* _TASK INSTRUCTIONS_: Could you set down the listing below exactly, leaving out its pictures?
### COLLECTED DATA
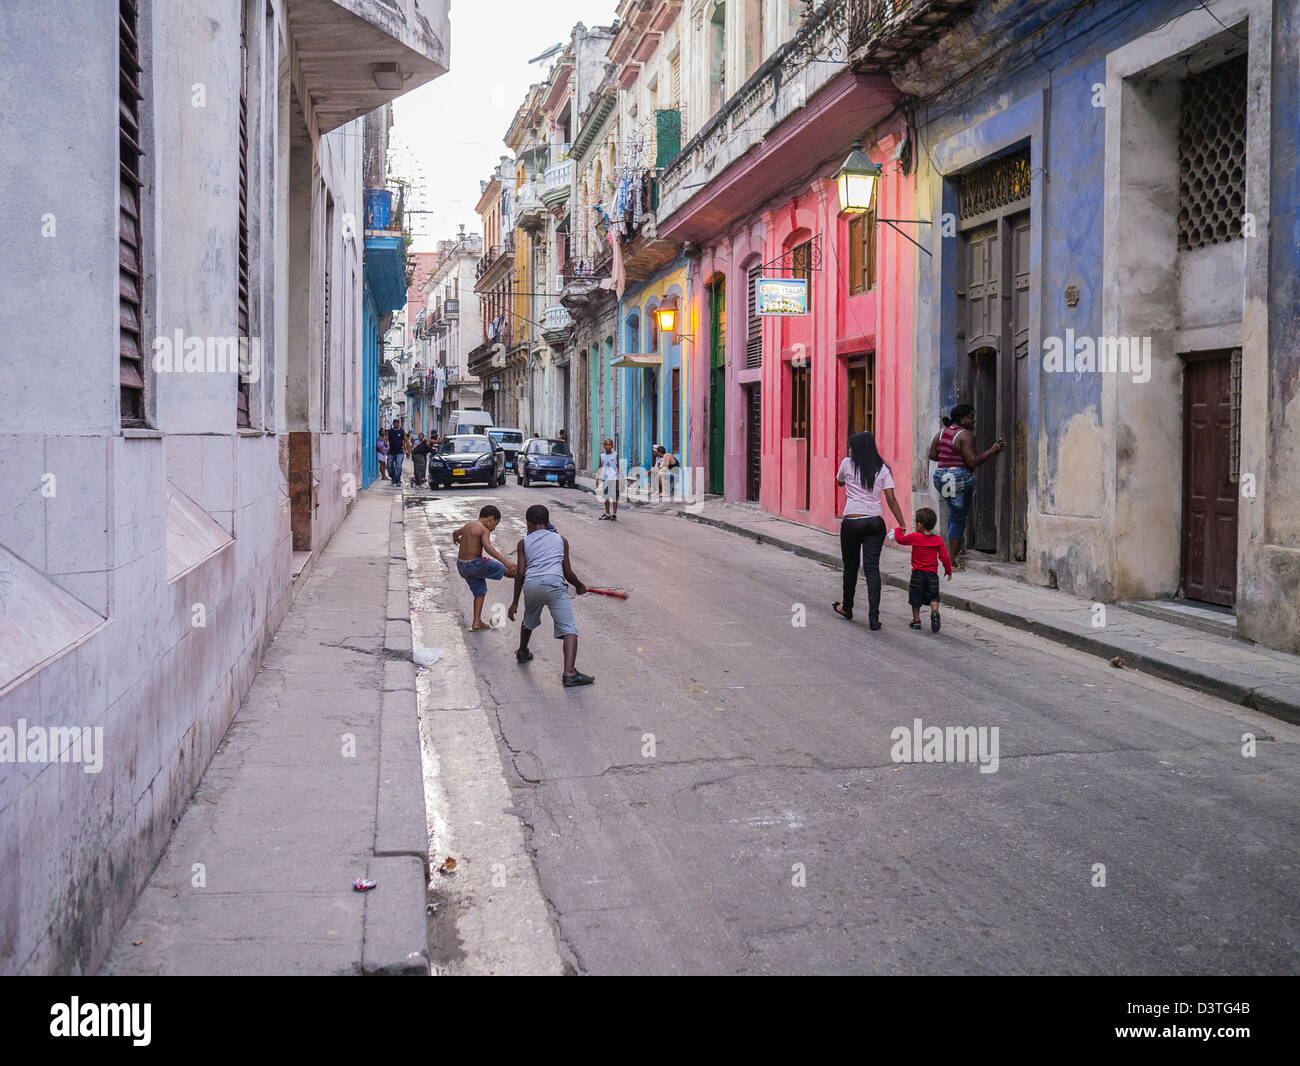 Kinder spielen Baseball in der Straße in Havanna, Kuba mit bunten alten kolonialen Gebäude entlang der schmalen Straße. Stockfoto
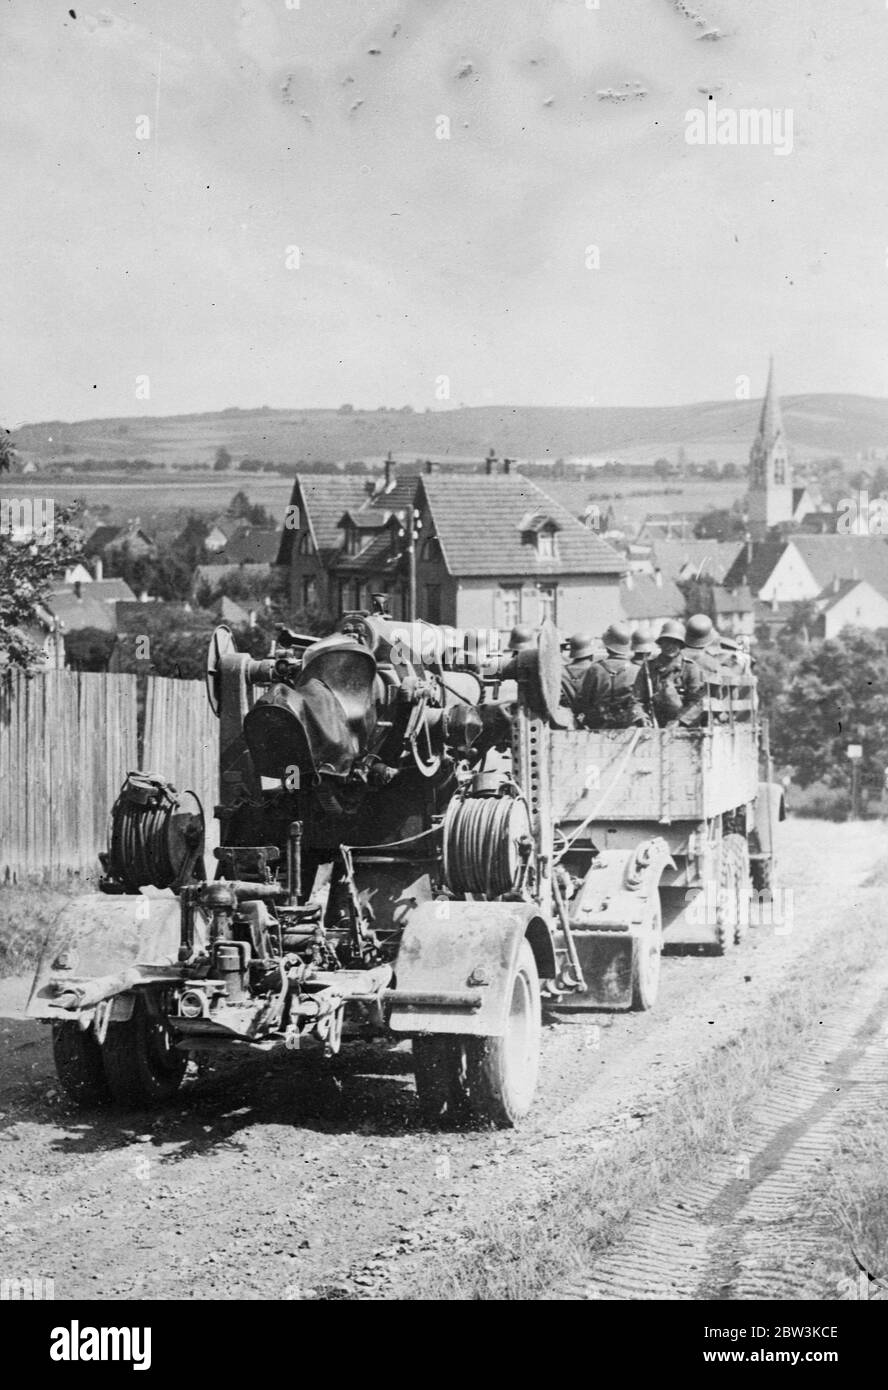 Ingerman Artillerie unterziehen jährliche Ausbildung in Jüterbog mit Live-Munition für die Praxis. Foto zeigt einen deutschen Langzeit-Artilleriekanon, der von seiner Geschützmannschaft geschleppt wird. Bis 10. August 1935 Stockfoto
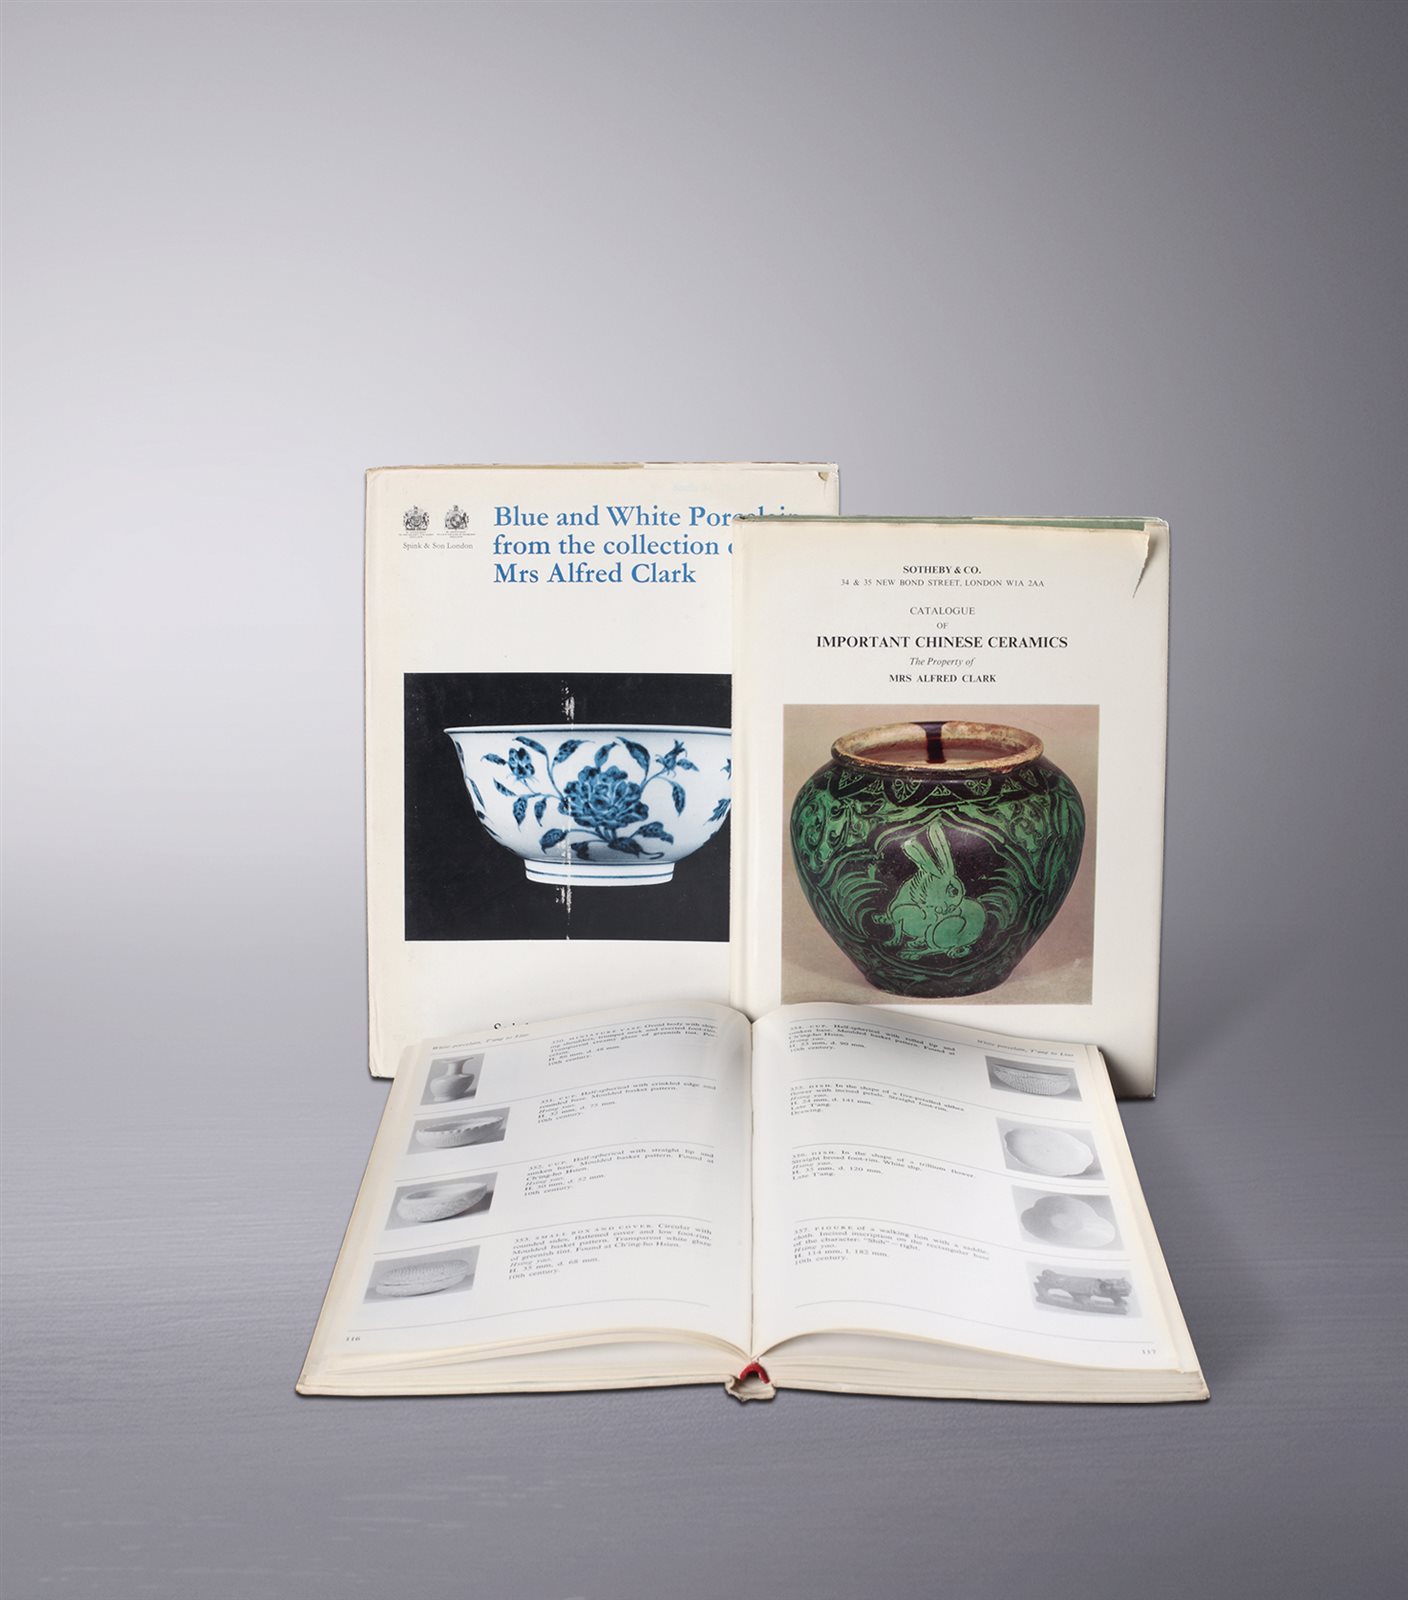 克拉克夫人、卡尔·坎普藏中国瓷器展览拍卖图录3册
######
* _WRITTEN SOLUTION_:
 Kinder spielen Baseball in der Straße in Havanna, Kuba mit bunten alten kolonialen Gebäude entlang der schmalen Straße. Stockfoto
 Ingerman Artillerie unterziehen jährliche Ausbildung in Jüterbog mit Live-Munition für die Praxis. Foto zeigt einen deutschen Langzeit-Artilleriekanon, der von seiner Geschützmannschaft geschleppt wird. Bis 10. August 1935 Stockfoto
 克拉克夫人、卡尔·坎普藏中国瓷器展览拍卖图录3册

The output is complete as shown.